If they don’t see a lot of other people around, they’re likely to regard that as a good thing – more for them in the way of fun.
They tell friends of their journey to what is probably an unknown spot to them, adding a sense of mystery.
With some setting of realistic priorities and a lifting of the worst recession since the Great Depression, Mud Island can blossom in a way it was meant to when it was built nearly 30 ago.
To that end, we make the following suggestions:
- A new northern gate for the park. With it there should be a link to the nearby Mississippi Greenbelt Park. But creating new fill to create more greenbelt is probably politically unrealistic given its considerable expense. A new north entrance for cars, people on foot and, yes, bicycles, doesn’t have to change the park’s western edge. Greenbelt park patrons can be relied on to make their own use without a path being available for every possible footstep they might want to take in the river park.
- Better and more active use of the southern tip of the island. Start with the Gulf of Mexico. Keep the paddleboats and add some splash park features to address the irresistible lure of the water. Maybe even make part of the Gulf a swimming pool since going “all pool” presents some real problems. Without blocking the extraordinary view of the city’s skyline, add the Grand Carousel from the Mid-South Fairgrounds if that property’s renovation plan doesn’t add it to the Children’s Museum first. Get the Gulf restaurant up and running as something other than a snack bar, but not the ultimate formal dining experience that is probably the turf of the River Terrace restaurant. If there are to be water taxis across the harbor from Beale Street Landing, they should arrive on the lower parcel of greenspace that is the actual southern tip of Mud Island.
- A concrete skate park with a bold, original and challenging design near the new northern gate and the current parking area. Done right, a skate park here could serve to entice visitors to regard the park as a place that is as active as it can be contemplative. The level of activity in a skate park seems a bit much for a southern tip that includes a water park feature and a carousel. It might also distract from a parcel of land that changes as the river does and offers the promise of a place to consider life as well as the river.
- Adding some other features for bikes around the skate park could mark the north end as the terminus of a journey as well as a beginning for bikers who, for practical reasons, can’t go much farther into the park as it exists today.
- There’s a collection of artifacts the U.S. Army Corps of Engineers found several years ago related to Tom Lee’s 1925 rescue of 32 people on the river. They include the red corps flag that flew on the M.E. Norman, the boat that capsized on the river below Memphis. The river museum would be the best place for the flag and a detailed exhibit on the city’s most enduring river story.
- Bring back the playground that was bulldozed in the early 1990s.
- Give the Riverwalk a light sprucing up.
- Adapt the superstructure that was once the shelter for the Memphis Belle. Turn it into a hanging gardens-type attraction with lots of landscaping and tables and chairs and few if any structural changes.

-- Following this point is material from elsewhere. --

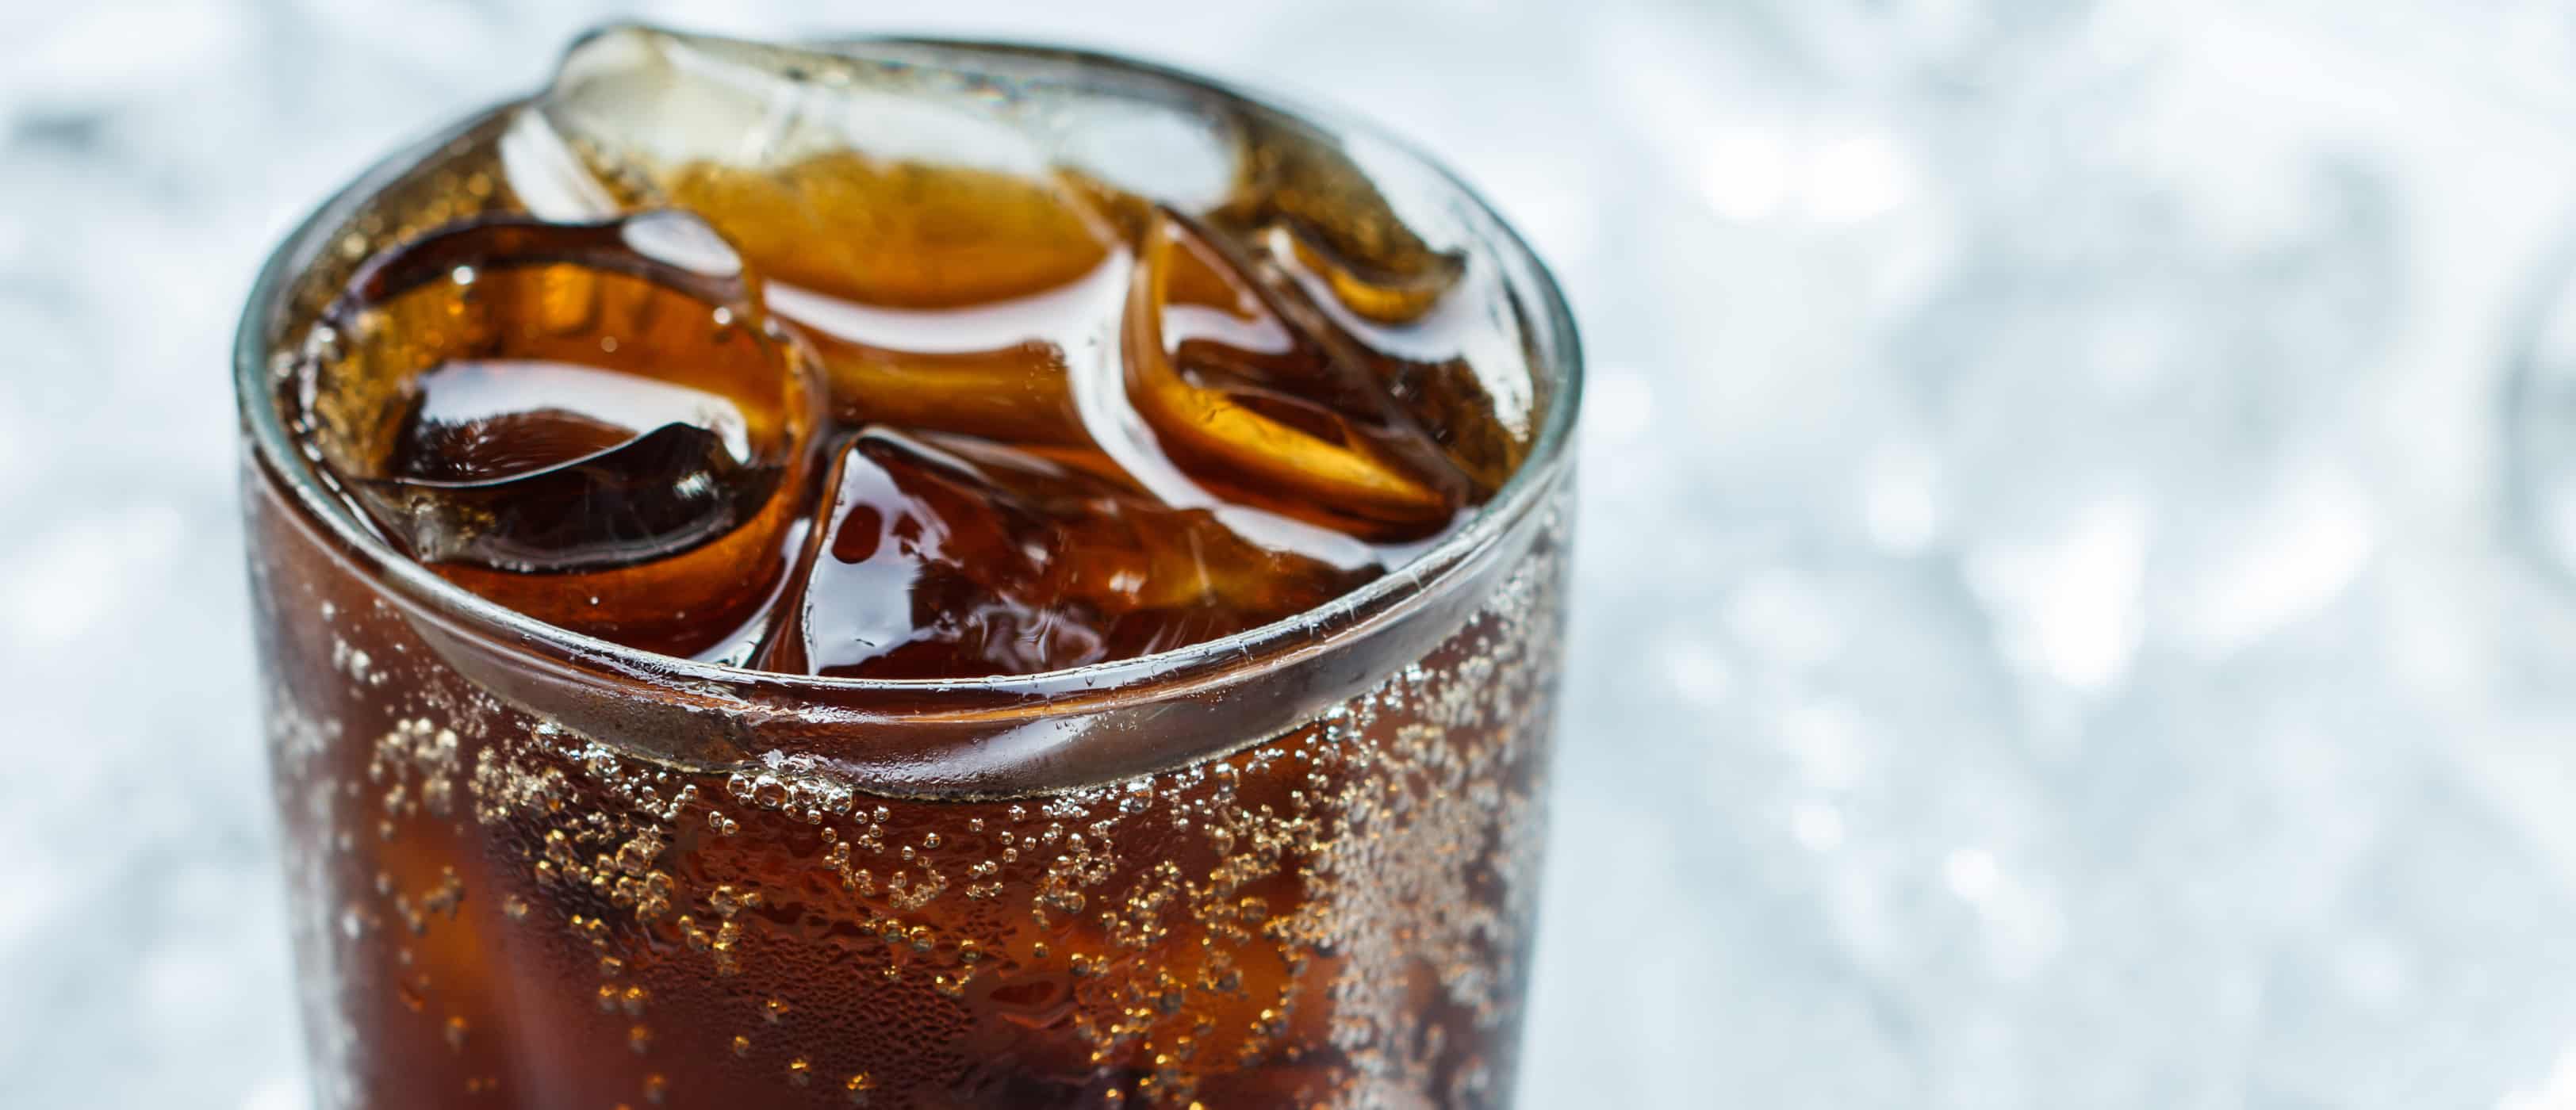 कृत्रिम स्वीटनर aspartame के खतरे का मिथक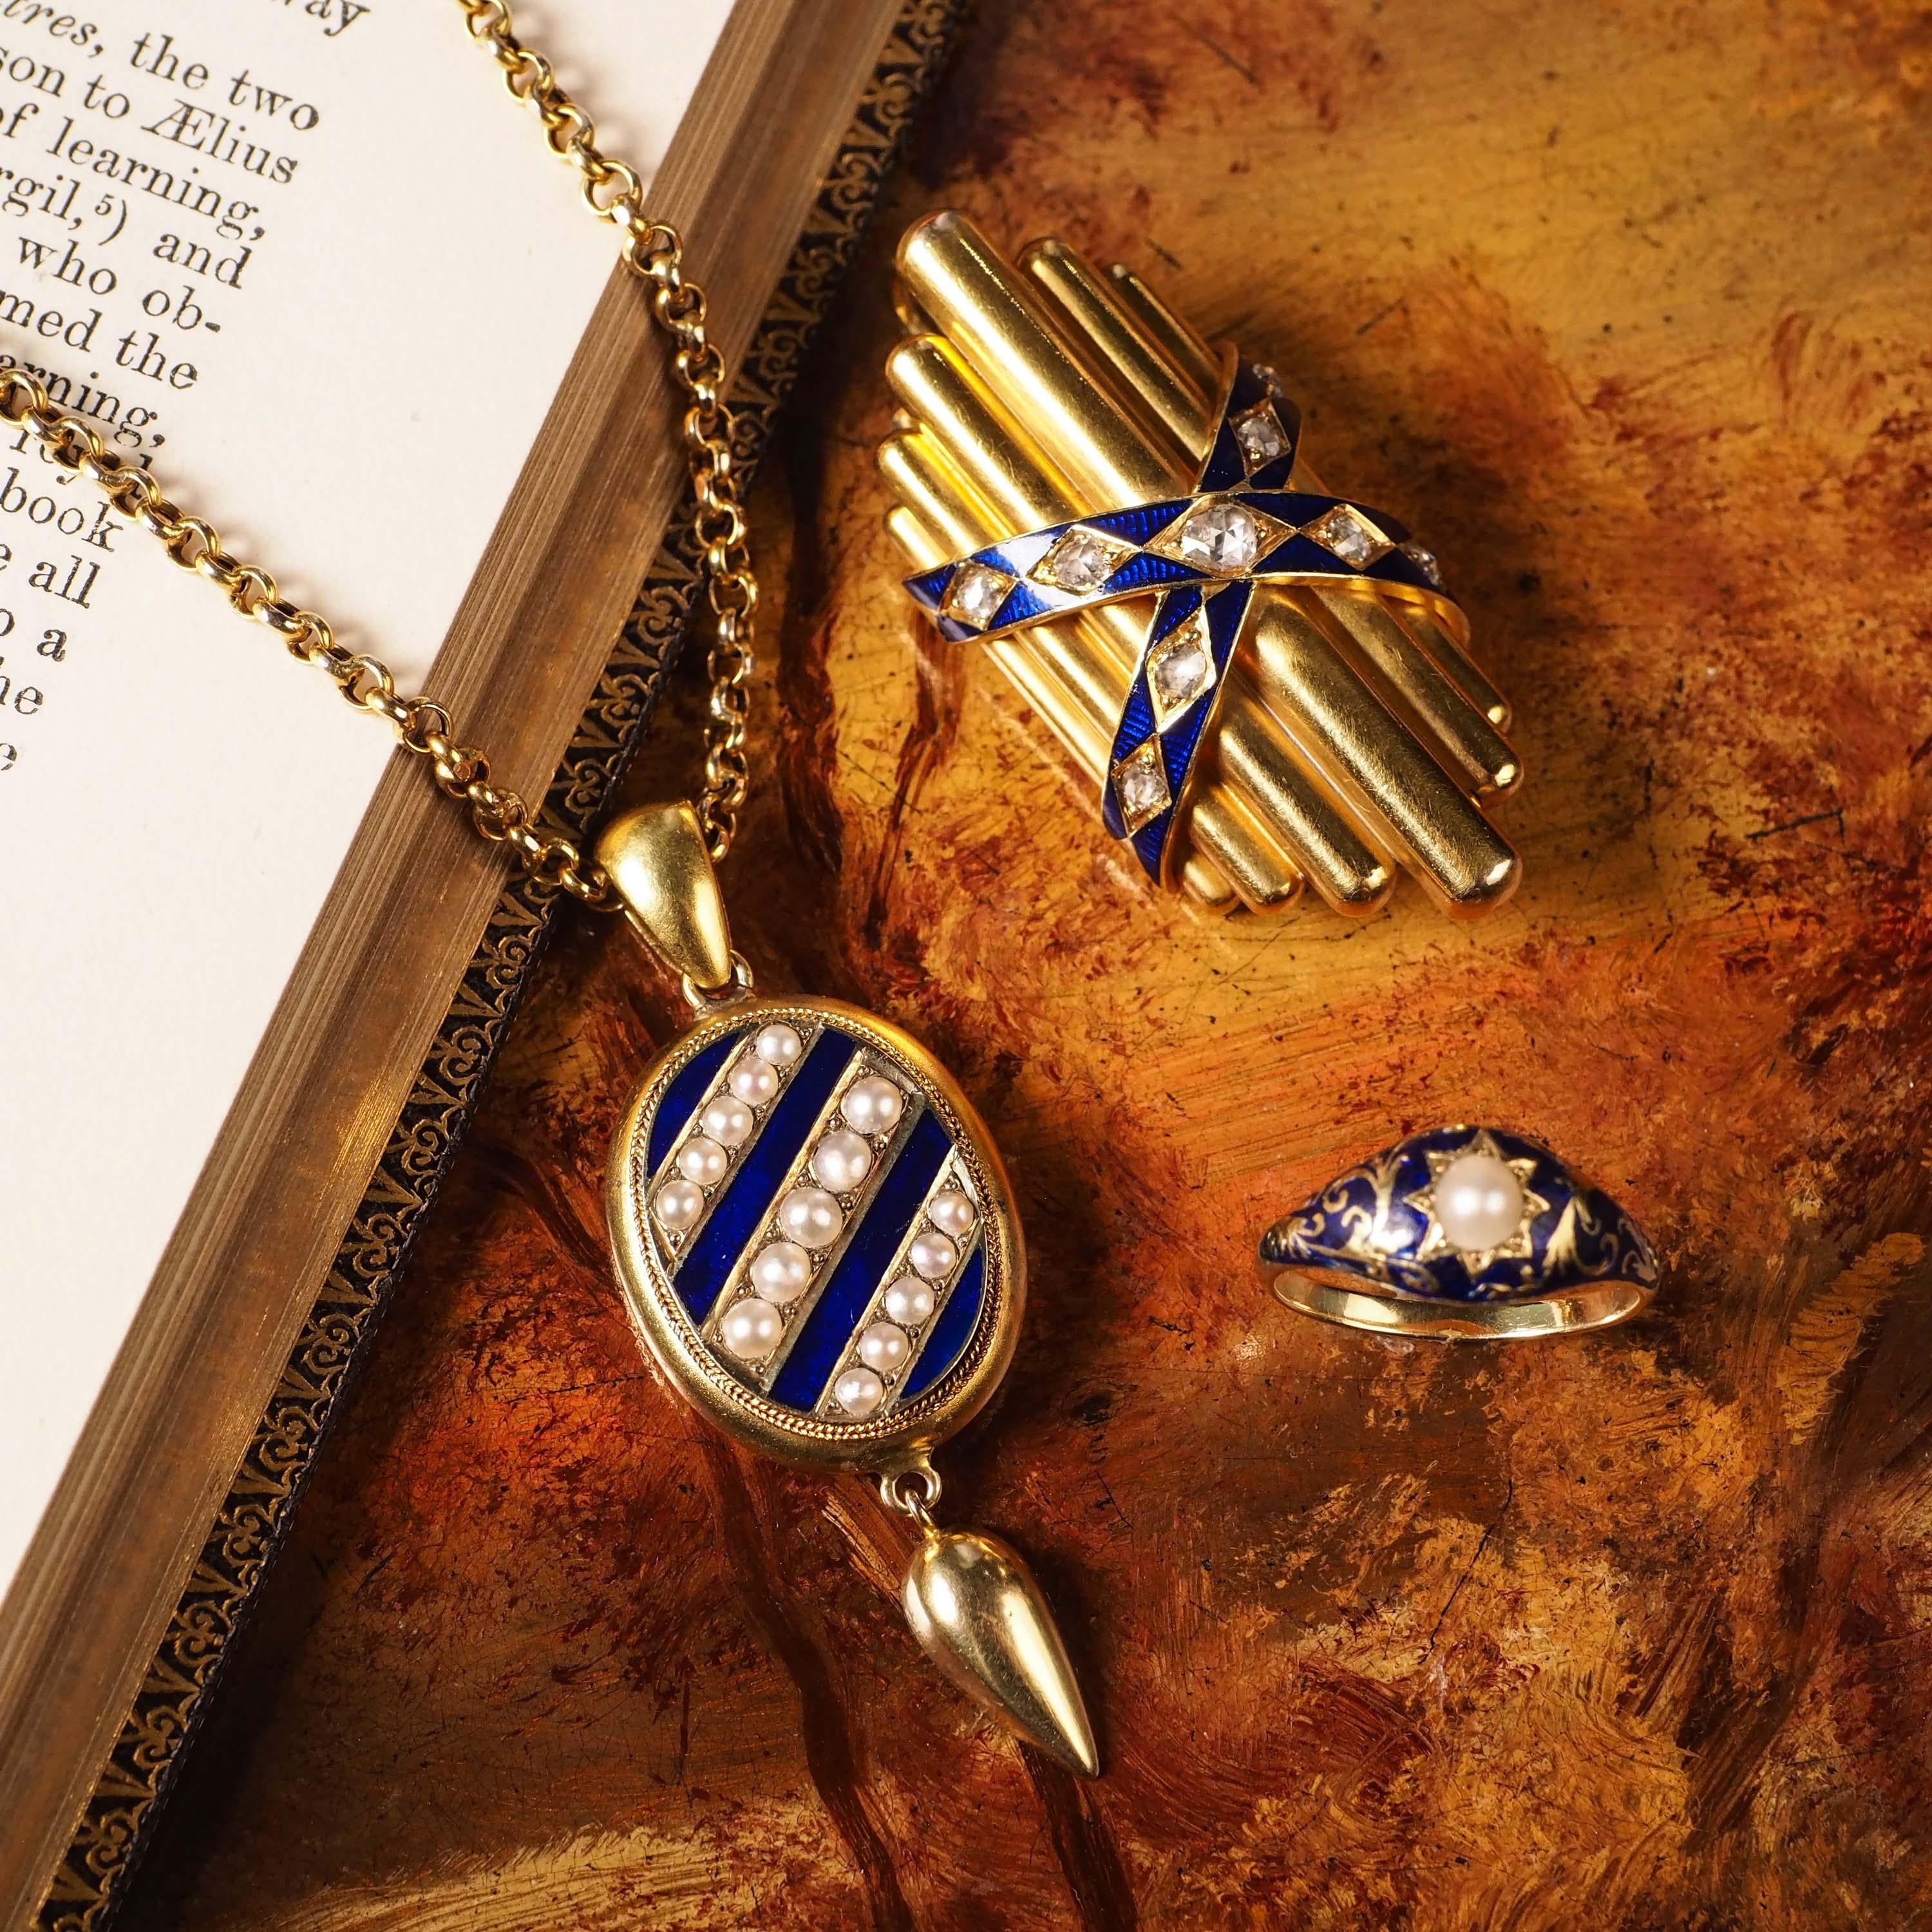 Antique 18K Gold Diamond Rose Cut Pendant Necklace with Blue Enamel - c.1880 For Sale 11

Put what is a superior landscaping team to work on this question mark and watch it bloom. It would also serve as a buffer zone between the skate park and one end of the riverwalk, as well as the western side of the museum.
Start with these basic things and we predict other items such as restaurants will come online without having to repeat the ’90s debacle in which the attainment of a Hard Rock Café was built up as a civic milestone that would transform the city.